What the exercise asks ->
Below are lines of records; copy exactly those from the one containing "Für unser Outdoor-Bett" through the one containing "οπίσθιο εικονίδιο διαδρομής στο", leaving the pictures behind.

Available data ->
- Opening Delimiter -
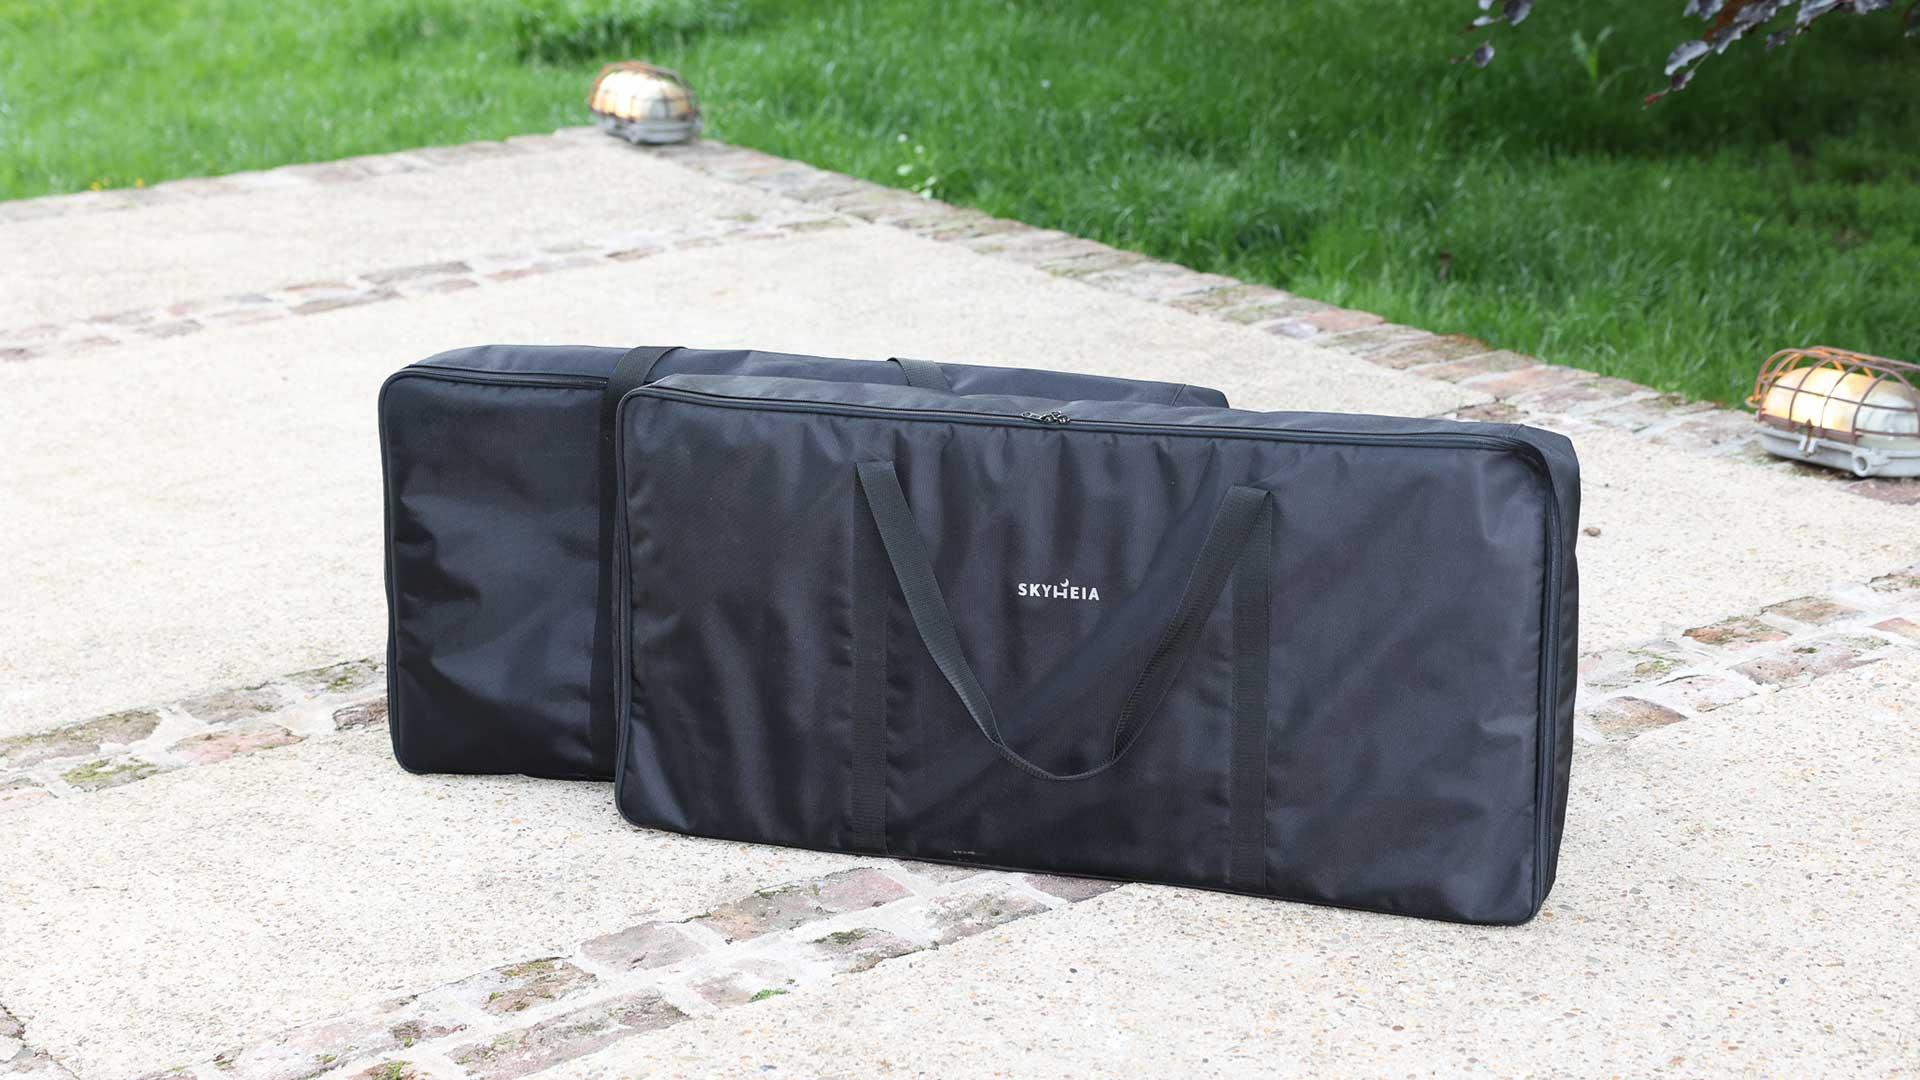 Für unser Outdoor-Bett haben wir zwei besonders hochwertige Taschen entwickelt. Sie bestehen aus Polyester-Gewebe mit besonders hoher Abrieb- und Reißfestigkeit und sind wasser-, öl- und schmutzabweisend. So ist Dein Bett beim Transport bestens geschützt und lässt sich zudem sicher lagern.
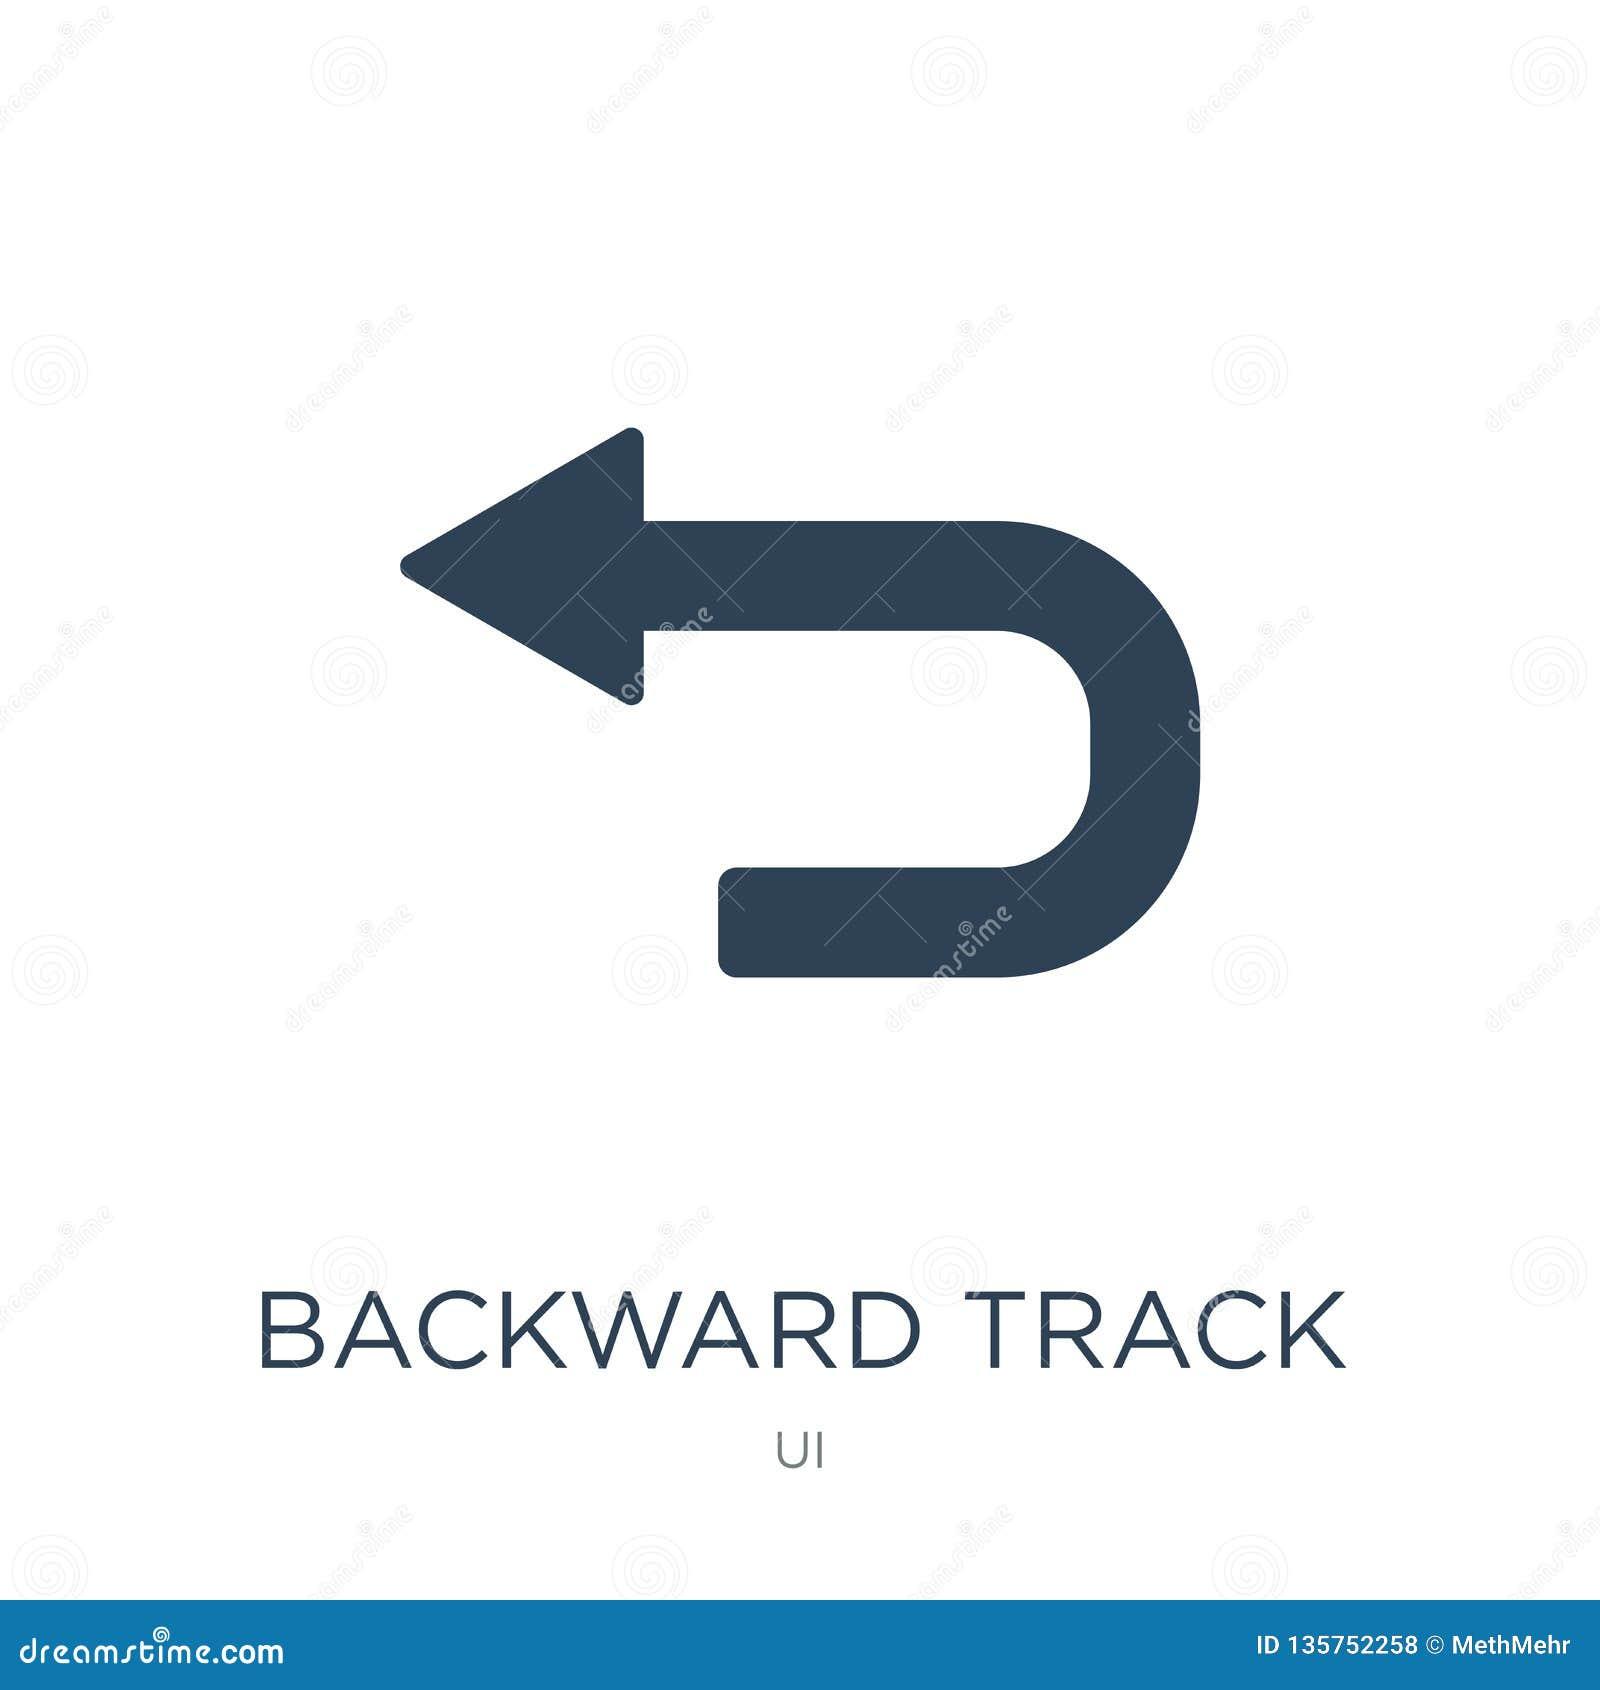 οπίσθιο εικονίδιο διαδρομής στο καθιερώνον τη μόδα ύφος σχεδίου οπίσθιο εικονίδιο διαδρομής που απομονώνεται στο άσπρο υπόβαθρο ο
- Closing Delimiter -
- Opening Delimiter -
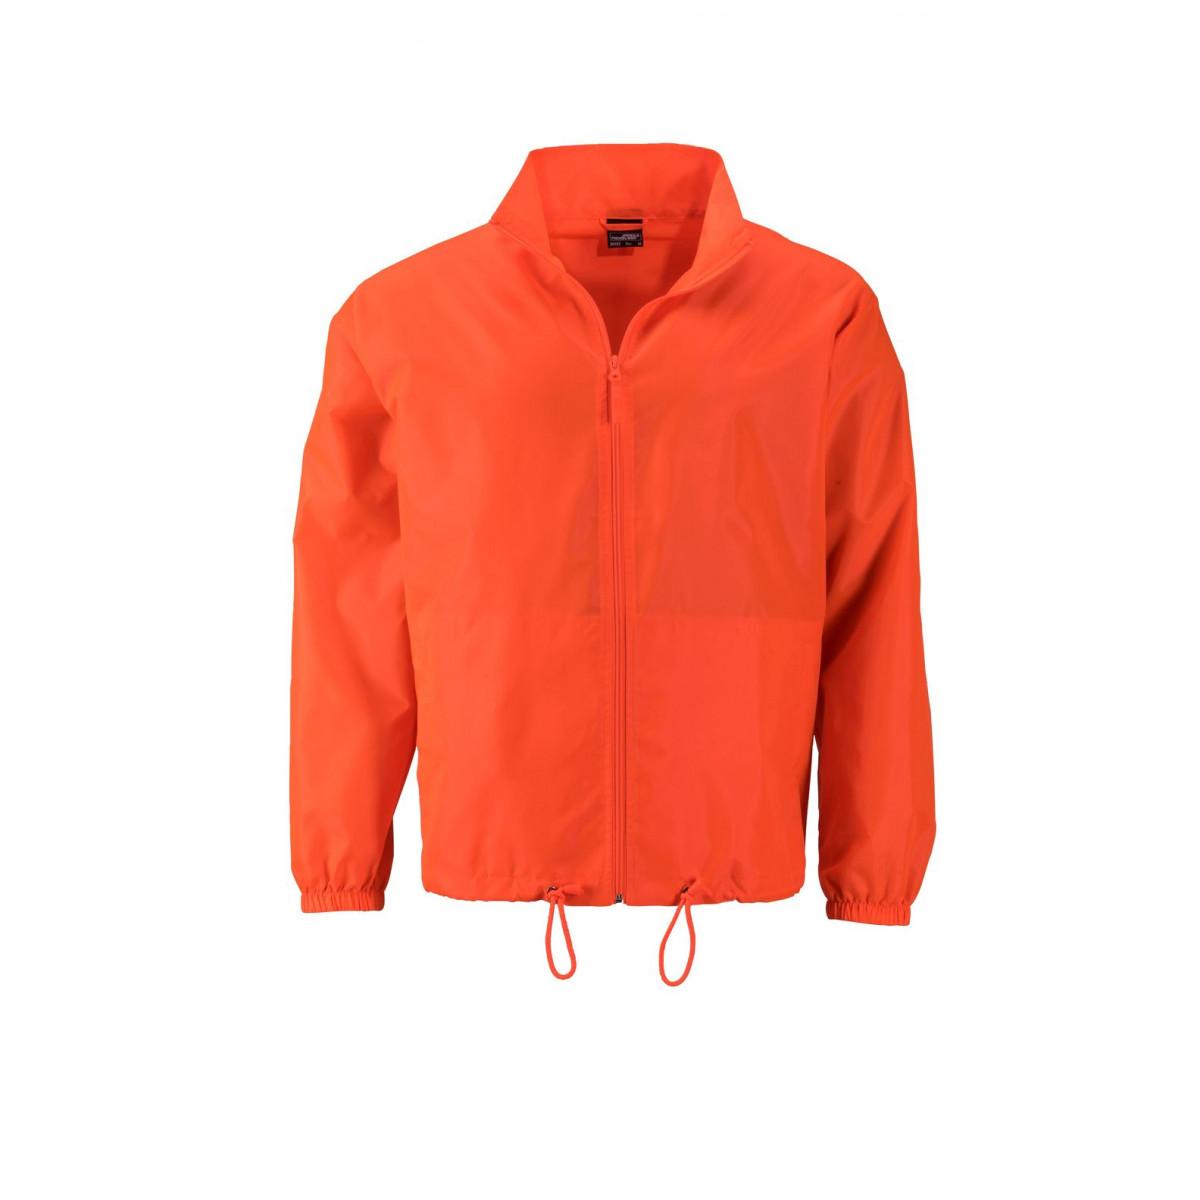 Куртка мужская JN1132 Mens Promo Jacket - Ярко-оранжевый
- Closing Delimiter -
- Opening Delimiter -
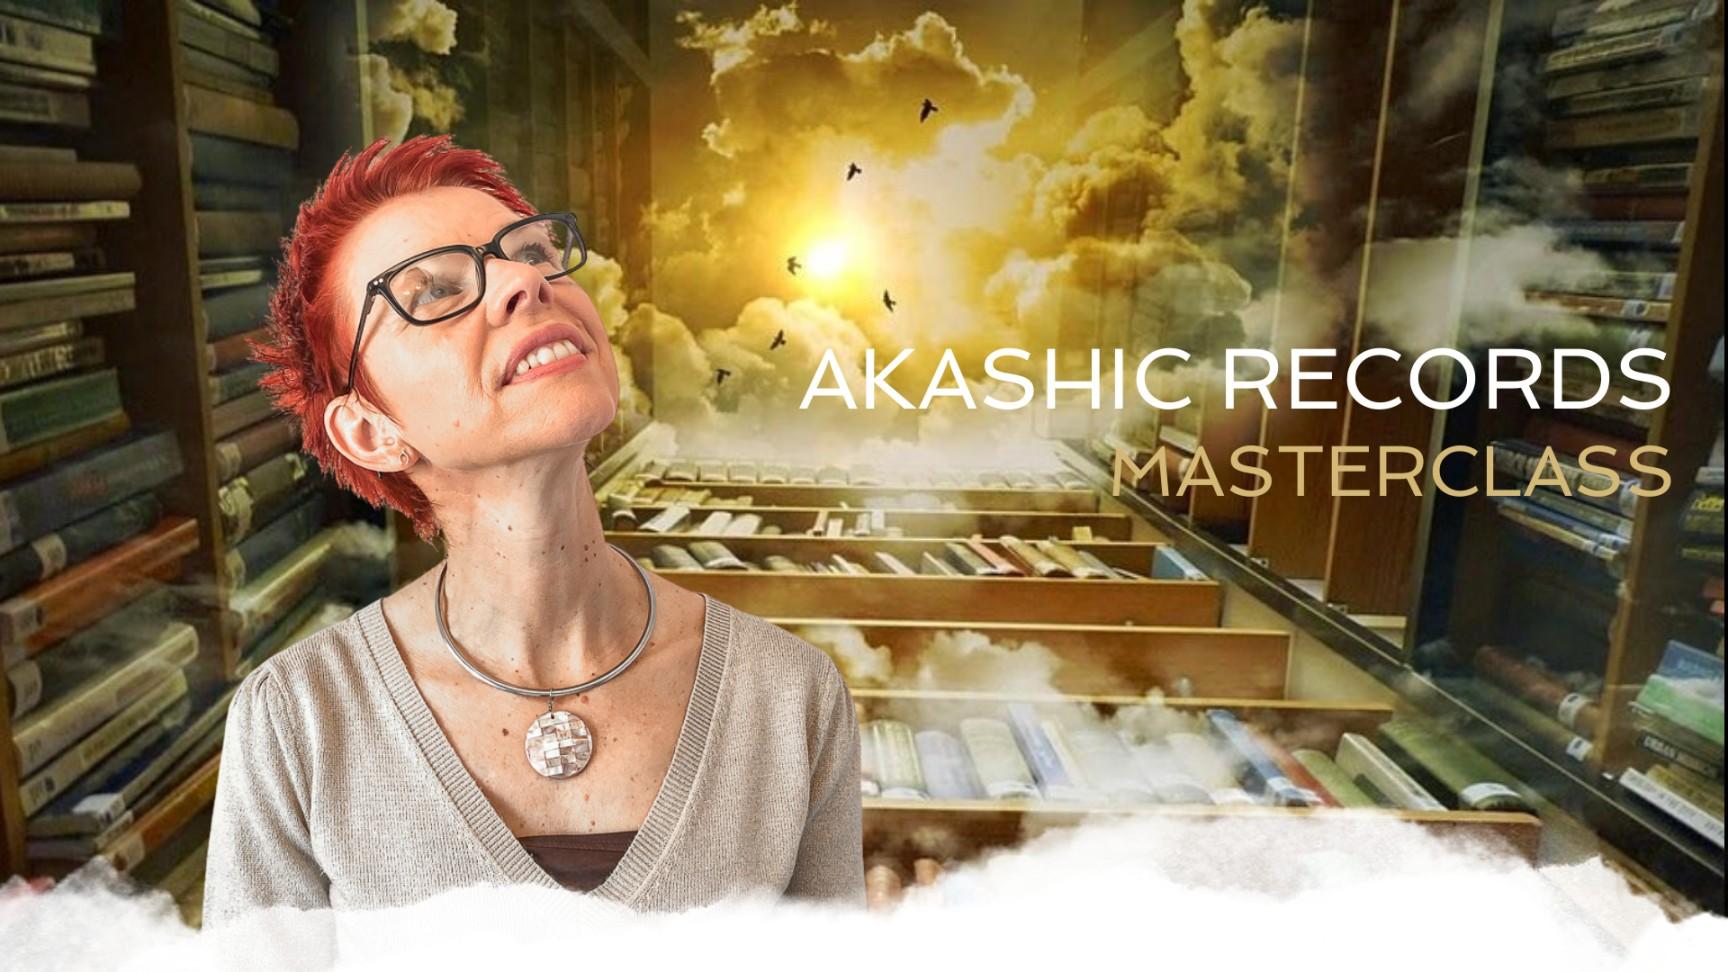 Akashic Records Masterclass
- Closing Delimiter -
Response to this exercise ->
 Für unser Outdoor-Bett haben wir zwei besonders hochwertige Taschen entwickelt. Sie bestehen aus Polyester-Gewebe mit besonders hoher Abrieb- und Reißfestigkeit und sind wasser-, öl- und schmutzabweisend. So ist Dein Bett beim Transport bestens geschützt und lässt sich zudem sicher lagern.
 οπίσθιο εικονίδιο διαδρομής στο καθιερώνον τη μόδα ύφος σχεδίου οπίσθιο εικονίδιο διαδρομής που απομονώνεται στο άσπρο υπόβαθρο ο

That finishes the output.